N. 00052/2023 REG.RIC.
REPUBBLICA ITALIANA
IN NOME DEL POPOLO ITALIANO
Il Tribunale Amministrativo Regionale per l' Abruzzo
(Sezione Prima)
ha pronunciato la presente
SENTENZA
sul ricorso numero di registro generale 52 del 2023, proposto da
Lega Italiana dei Diritti dell'Animale – Sezione Ortona in persona del Presidente Pro Tempore Sig. Mauro Costantini, Lega Italiana dei Diritti dell'Animale – Sezione Sulmona in persona del Presidente Pro Tempore Sig.ra Ilaria Matticoli, rappresentati e difesi dall'avvocato Giada Bernardi, con domicilio digitale come da PEC da Registri di Giustizia;
contro
Comune di Sulmona, in persona del legale rappresentante pro tempore, rappresentato e difeso dall'avvocato Marina Fracassi, con domicilio digitale come da PEC da Registri di Giustizia e con domicilio eletto presso lo studio Vincenzo Salvi in L'Aquila, via Francesco Paolo Tosti n. 40/E;
nei confronti
Associazione "Code Felici" in persona del legale rappresentante pro tempore, non costituita in giudizio;
per l'annullamento
1) della Determinazione Dirigenziale n 109 del 31.01.2023 per affidamento diretto del servizio di gestione del canile comunale dal 01.02.2023 al 31.05.2023, pubblicata sull’Albo Pretorio del Comune di Sulmona in data 31.01.2023 con cui si deliberava di “ affidare alla Associazione “Code felici” con sede in Sulmona alla via XXV Aprile, n. 14. P.IVA 01732270663 il servizio di gestione del canile rifugio comunale, per quattro mesi, decorrenti dal 1.02.2023 al 31.05.2023 ”;
2) di tutti gli atti alla detta Delibera preparatori, connessi, derivati e consequenziali.

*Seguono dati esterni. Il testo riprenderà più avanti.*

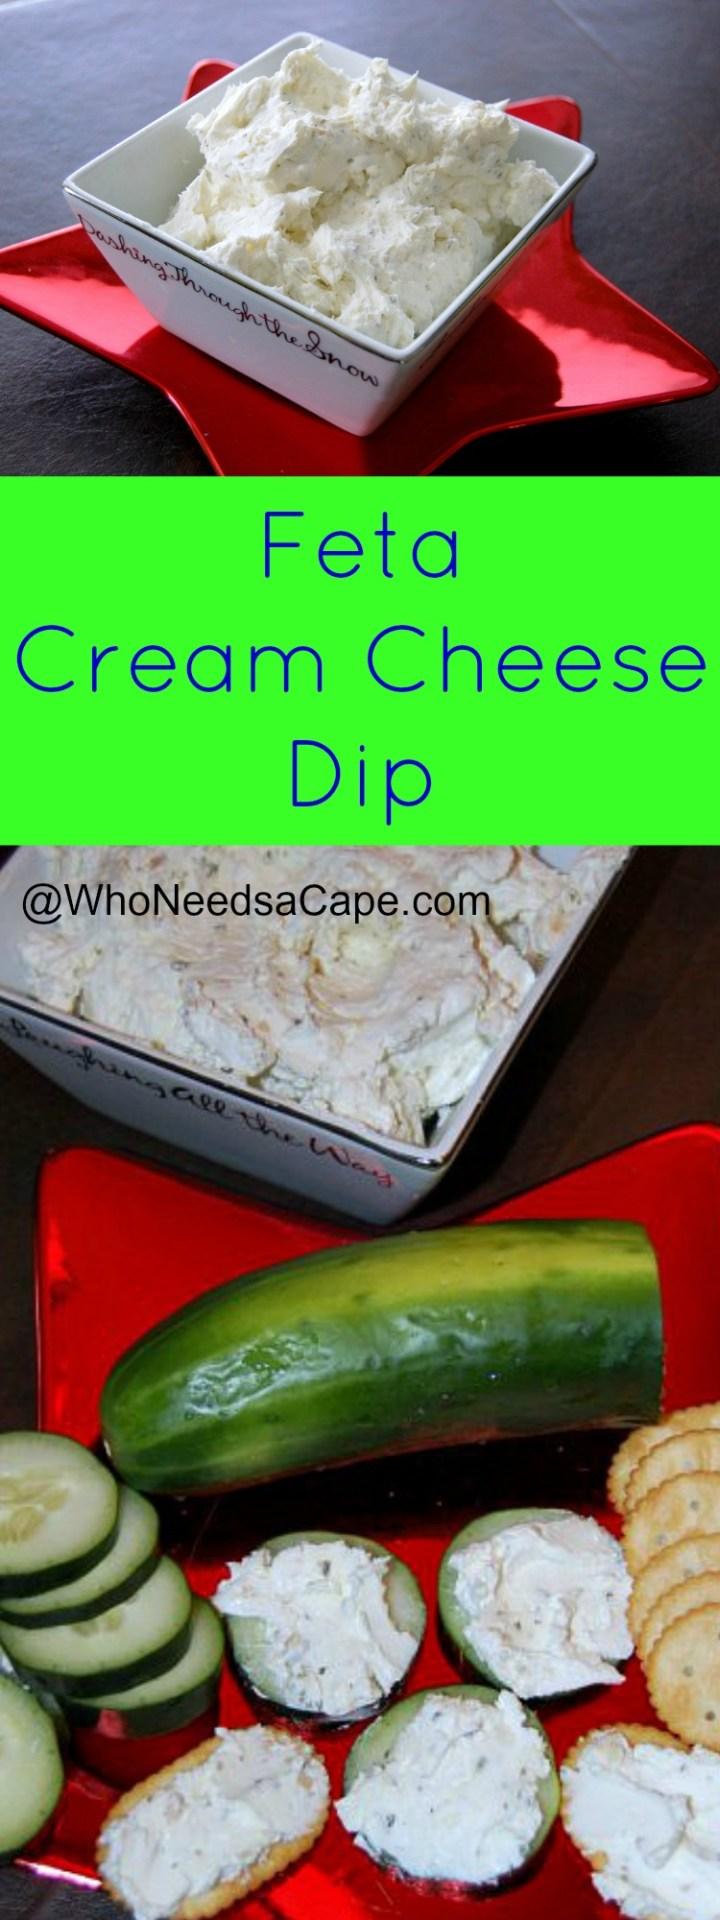 Feta Cream Cheese Dip

Visti il ricorso e i relativi allegati;
Visto l'atto di costituzione in giudizio di Comune di Sulmona;
Visti tutti gli atti della causa;
Visto l'art. 87, comma 4-bis, cod.proc.amm.;
Relatore all'udienza straordinaria di smaltimento dell'arretrato del giorno 17 aprile 2026 la dott.ssa FR LO BA e uditi per le parti i difensori come specificato nel verbale;
Ritenuto e considerato in fatto e diritto quanto segue.
TT e TO
1. Con il ricorso introduttivo del giudizio, notificato in data 13 febbraio 2023 e depositato in data 14 febbraio 2023, la parte ricorrente ha impugnato la Determinazione Dirigenziale del Comune di Sulmona n. 109 del 31 gennaio 2023 avente ad oggetto l’affidamento diretto del servizio di gestione del canile comunale all’Associazione “Code Felici”, per la durata di quattro mesi decorrenti dal giorno 1 febbraio 2023 fino alla data del 31 maggio 2023.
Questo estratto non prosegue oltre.